The other style very much in favour with stumpwork fans is the work of Jane Nicholas from Australia. Her work also draws on the traditional but with more of an emphasis on exquisite fabric, threads and beads. Her work is usually on a white silk background with great attention to detail and anatomic accuracy. Her embroidery is usually all hand stitched with excellent technique. Her current focus is on creating lifelike insects in stumpwork. Jane Nicholas has taught extensively in North America. Sherry Del Rizzo's stumpwork workshops follow the Nicholas style.
Kay Dennis' work is very much in the Barbara and Roy Hirst style of needlework. She acknowledges that they are her mentors in the field of stumpwork. The basics are well covered - padded work such as acorns, berries, and wired leaves. She uses mostly hand dyed and space dyed threads that give a good range of natural colours. However, her colourations tend to photograph muddy and drab, compared to the jewel like tones of Nicholas' work.
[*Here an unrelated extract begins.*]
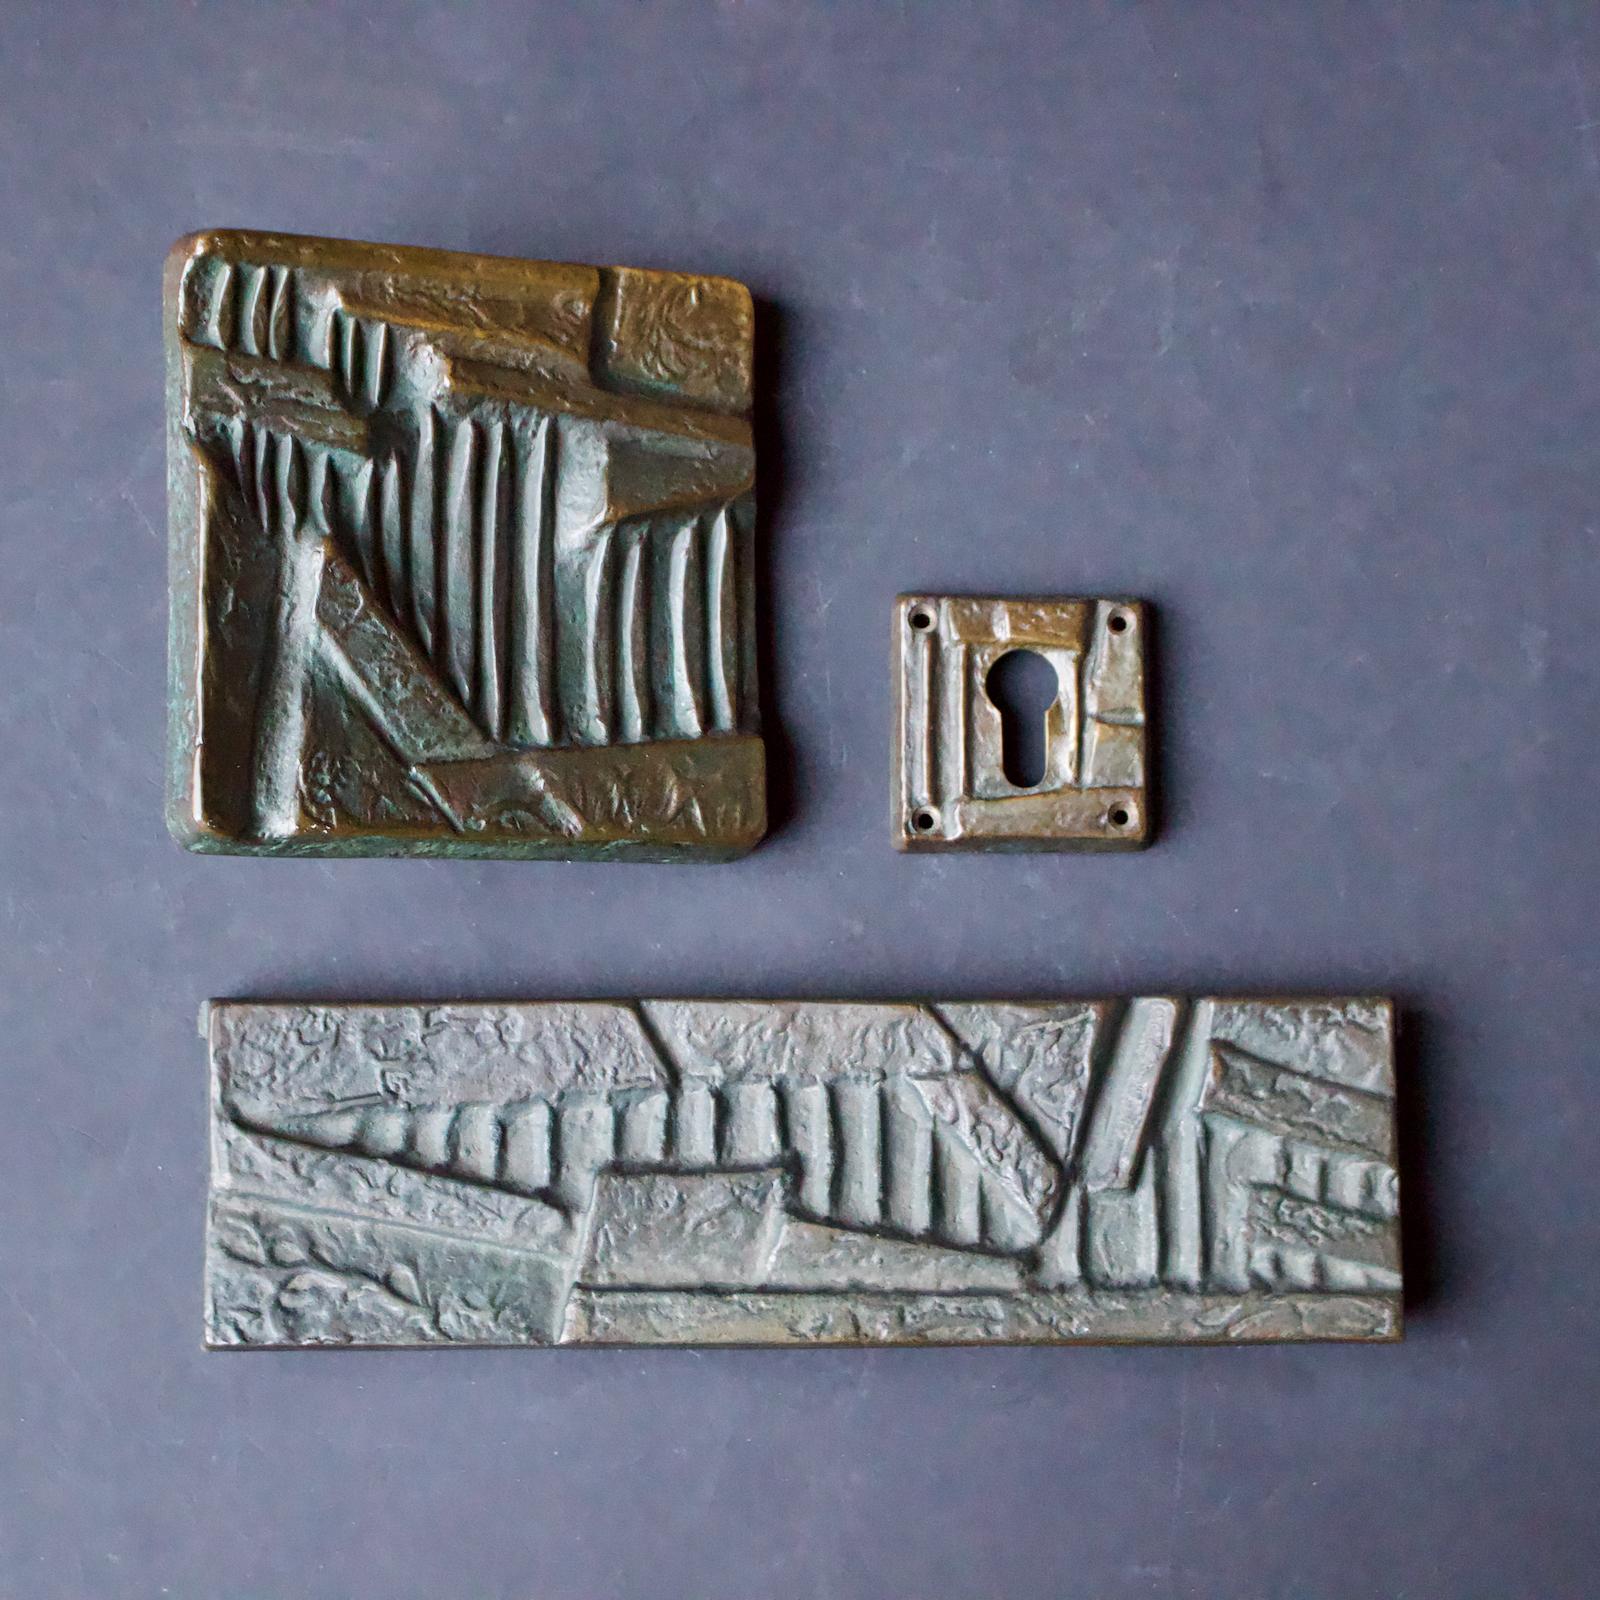 A square Brutalist bronze door handle with abstract design, together with matching letterbox cover and keyhole plate. European, second half of the 20th century - we would guess 1970s.

The items in this set have been left as found. They have lots

To give a crisper line to her flat elements, Dennis uses an interfacing slip. She gives it a colour wash to match her threads thus providing a background colour to prevent the background fabric showing through or affecting the thread colour.
Her strength is primarily in needlelace. Needlelace is one of the traditional elements of stumpwork and one of the most difficult. Kay Dennis goes into great detail on basic needlelace instructions. Her almost twenty years of teaching this subject figures prominently in the book and is reason to buy it. As a lefthanded stitcher probably with some dyslexia, trying to learn a few basics of lace making, I can be a difficult student and severe critic.
Kay Dennis' instructions and diagrams are excellent. She spends quite a bit of time setting up needlelace pads and the outline. This careful preparation step is the key to successful needlelace. This is the first set of instructions that have given me the confidence to try the technique again.
While the book covers the basics well, and is an excellent teaching book, Kay Dennis does not bring or incorporate new influences to the subject of Stumpwork.
Ratings
Good on Stumpwork. Excellent on needlelace technique.
Brings new and exciting techniques/ideas and inspiration : Fair
Gotta rush out and buy it. . . . no matter the price : No.
Recommended for Guild Libraries : Yes.
Worth the money : Yes.
I have to watch my pennies, can the projects be tried inexpensively ? Yes.
I have stumpwork books from both Hirst and Nicholas, would I want this book ?????
(Is this review too long ? Probably. Yes.)
For inquiring minds that want to know..... I did come up with an idea to try to make palm fronds for my tropical trees in stumpwork from reading this book. Now let's hope the tree trunks will work too.